2001 yılında Detta Regan’ın aklına çok güzel bir fikir geldi; bölgedeki kadınların durumuna dikkat çekmek için bisikletten daha güzel bir araç olamazdı. 2004 yılında dünyanın farklı yerlerinden 270 kadını topladı ve Lübnan, Suriye ve Ürdün’de hep beraber bölgedeki şiddetin sona ermesi ve barış için pedalladılar.  O tarihten beri 7 kez gerçekleşen sürüşle, kadınlar bölgede (Suriye, Lübnan, Ürdün, Filistin ve Birleşik Arap Emirlikleri) bisiklet sürdü ve hem konuya dikkat çekildi hem de toplanan paralarla çocuk oyun alanları gibi projeler yapıldı.

Bu seneki sürüş için 30 Eylül’de Beyrut’ta buluştuk. ABD, Almanya, Belçika, Çin, Danimarka, Filistin, Fransa, İngiltere, İtalya, Japonya, Kıbrıs, Lübnan, Polonya, Suriye, Türkiye ve Ürdün’den gelen 120 kadın bir aradaydı. Türkiye ekibinde Burcu Büyükkafes, Julide Arslan, Nur Kılıçel, Özlem Alkan Oktay, Seçil Zor, Şeymanur Şahin, Yeşim Tin ve ben, Seçil Öznur Yakan vardık. 

Lübnan’ın en kuzeyine Tripoli’ye geçtik otobüslerle.
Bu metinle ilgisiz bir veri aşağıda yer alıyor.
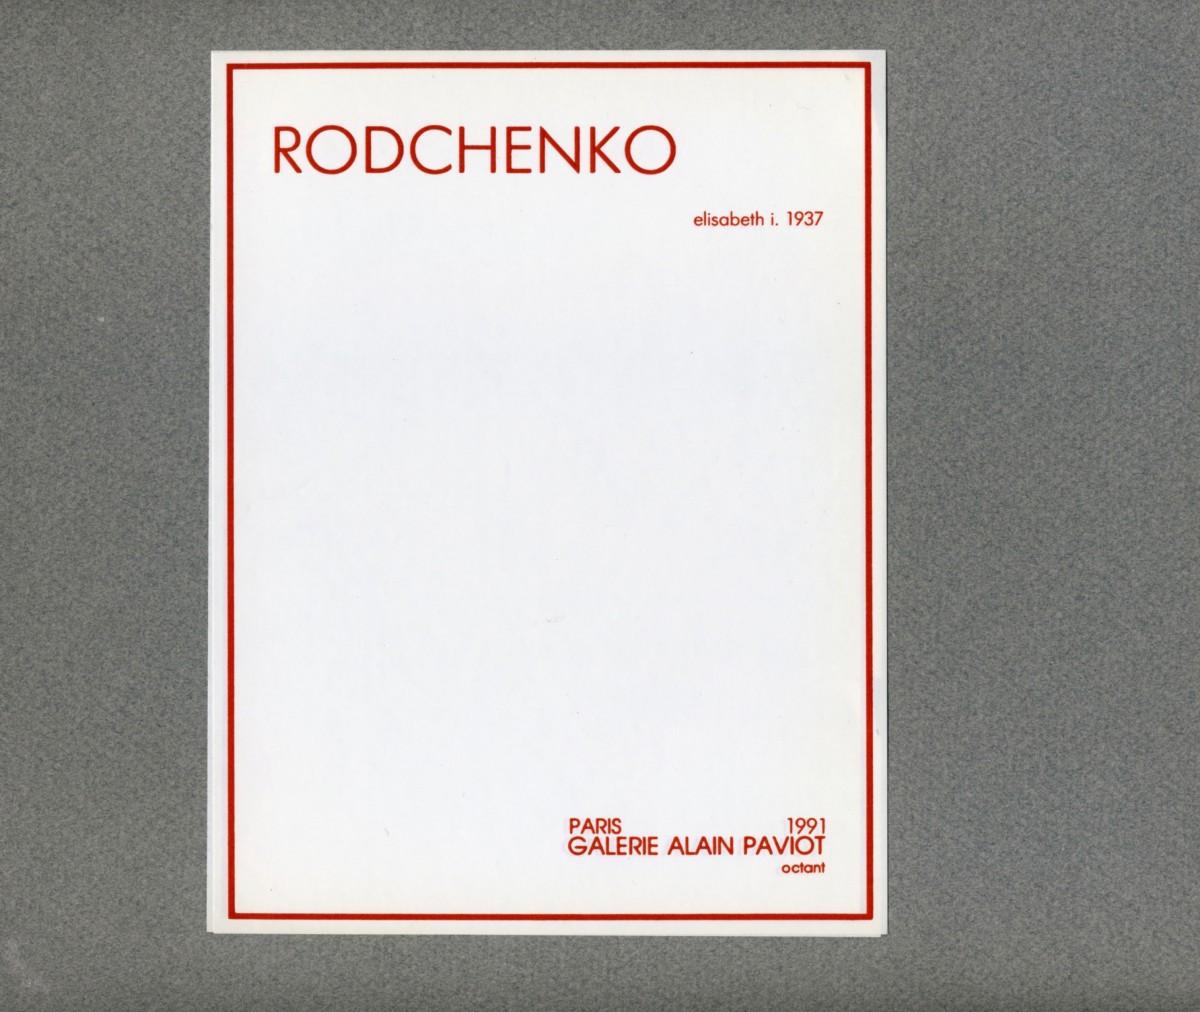 rodchenko_françoise-paviot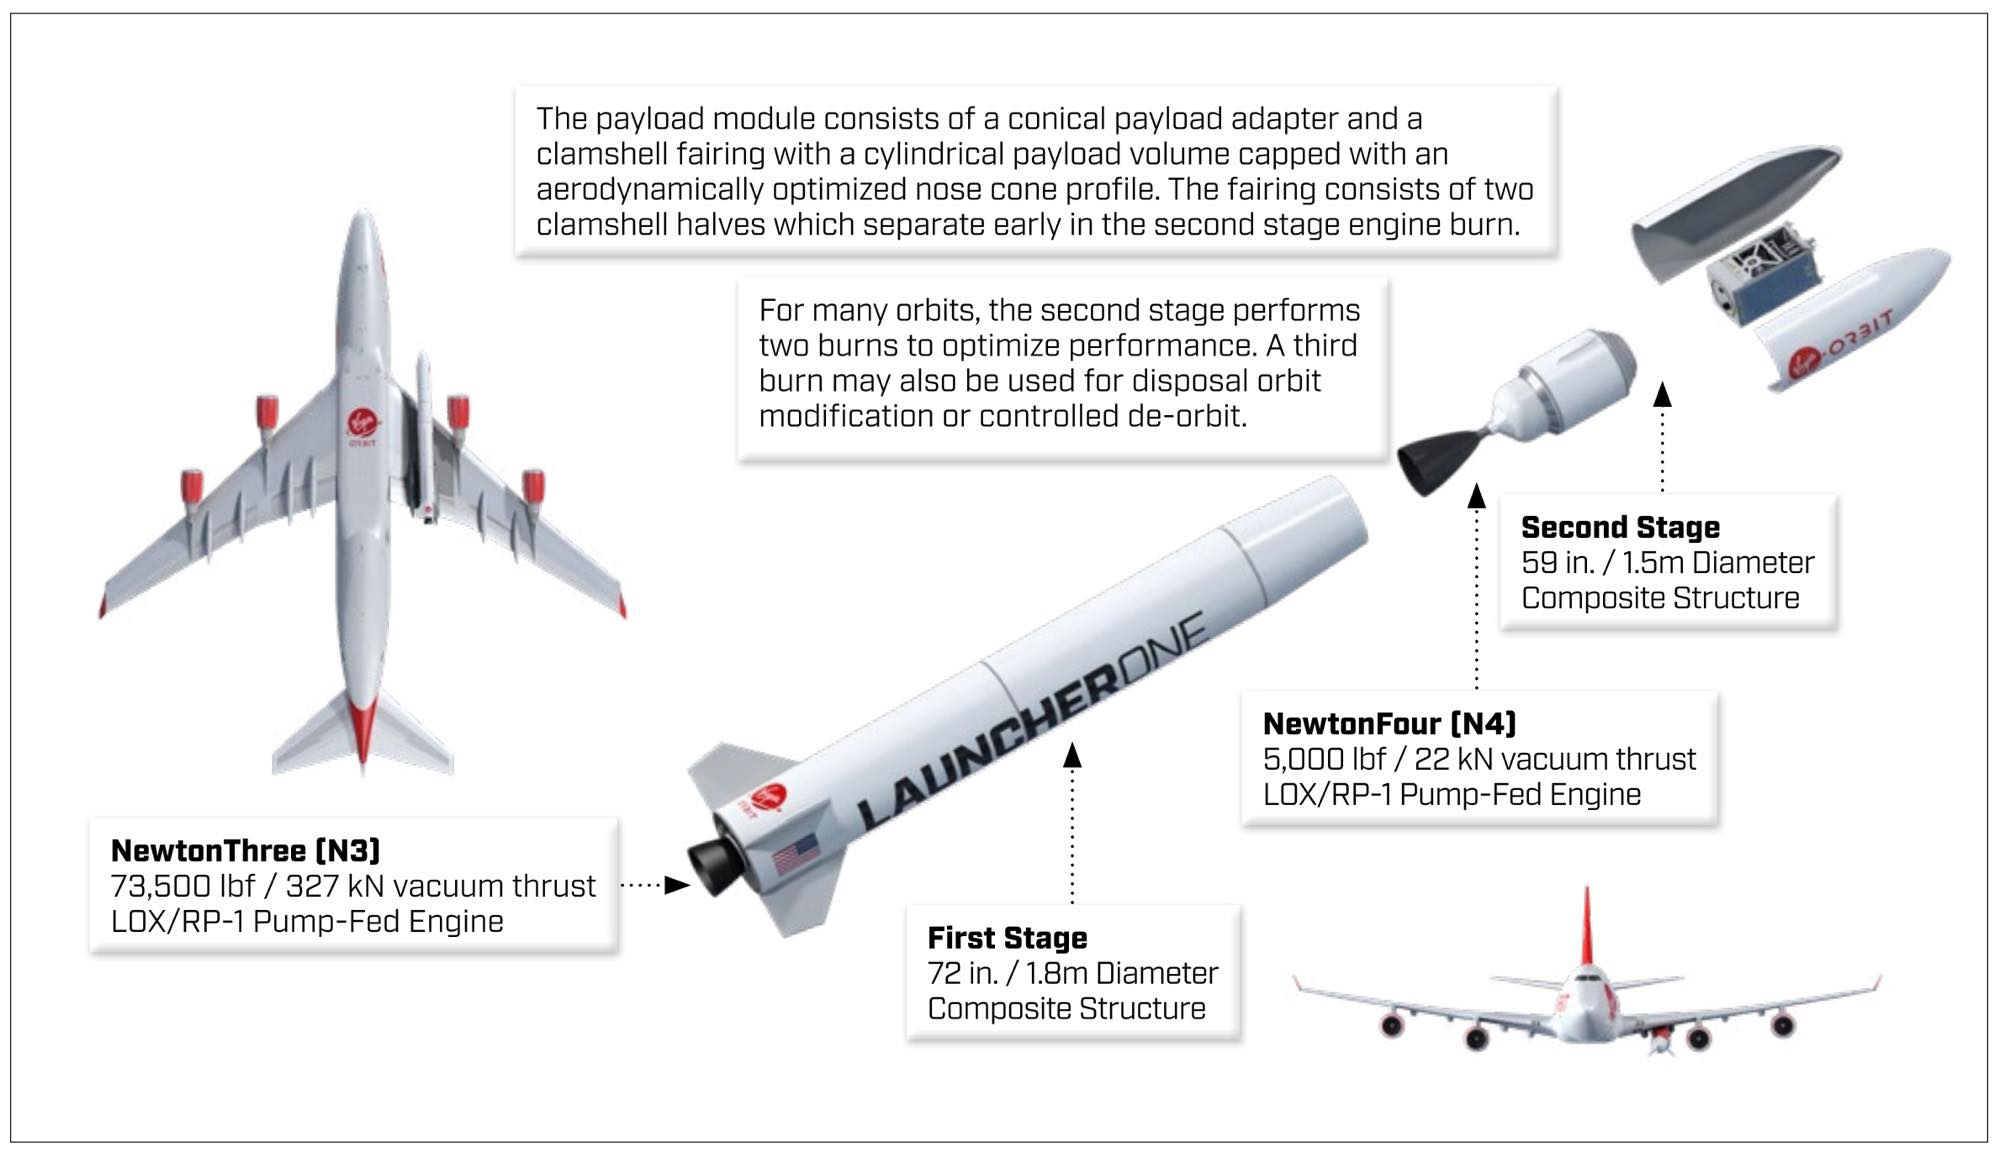 大分空港がアジア初の水平型宇宙港に!Virgin Orbitと大分県が提携し2022年打ち上げへ | Re-urbanization -再都市化-

Beirut by Bike tarafından temin edilen bisikletlerimizi seçtik, işaretledik, ayarları yapıldı, tabii ki bisikletlerini süsleyenler oldu. 1 Eylül’deki Tripoli’yi gezdikten sonra sırasıyla şu şehirlere pedalladık, ziyaret ettik: Batroun, Byblos, Mokhtara, Jezzine, Mleeta, Ansar, Sarafand, Saida, Khiyara, Kefraya, Quaraon, Baalbek, Bekaa ve Beyrut. Aslında nereden nereye, hangi tarihte gittiğimiz, kaç km yaptığımız değil önemli olan, bunlar sırasında neler konuştuk, neler gördük…

Bira atölyesinden, şarap fabrikasına gittiğimiz de oldu, labne-zahter-ekmek-çay eşliğinde geçirdiğimiz akşamlar da. Hizbullah’ın merkezine konuk da olduk, mülteci kampına da. Turkuaz renkli Akdeniz’de de sürdük, muhteşem manzaralı vadilerde de. Otoyolda tek sıra giderken, köy yollarında sohbet ederek ilerledik. 

Yolunuzu Lübnan’a düşürün, Beirut by Bike’tan Jawad’a merhaba deyin, bisikletin üstüne atlayıp bu kapkarışık ülkeyi tanımaya çalışın çünkü barış ancak birbirimizi tanıdıkça ve anlamaya çalıştıkça gelecek. Önümüzdeki FTW sürüşlerine tüm kadınlar davetli.

Follow the Women Türkiye ekibinden Seçil Zor, Burcu Büyükkafes ve Yeşim Tin ile  sürüş tecrübelerini konuştuk

Seçil Zor

Ortadoğu’da bisiklet turu fikrinin başlangıçta beni endişelendirdiğini itiraf etmem gerekir. Oysa ki,  terörün ve diğer tehlikelerin artık yurdu, şehri olmadığını bizzat kendi ülkemde yaşadığım sıkıntılı süreçleri yeniden değerlendirdiğimde, FTW 2017 için hiç tereddütsüz hazırlık yapmaya karar verdim.  Amacımız dünyanın dört bir yanından barış mesajları getirebilmekti. “Peace from Turkey” diyerek selamlaşmak benim için bir merhaba kadar sıradan olmuştu. 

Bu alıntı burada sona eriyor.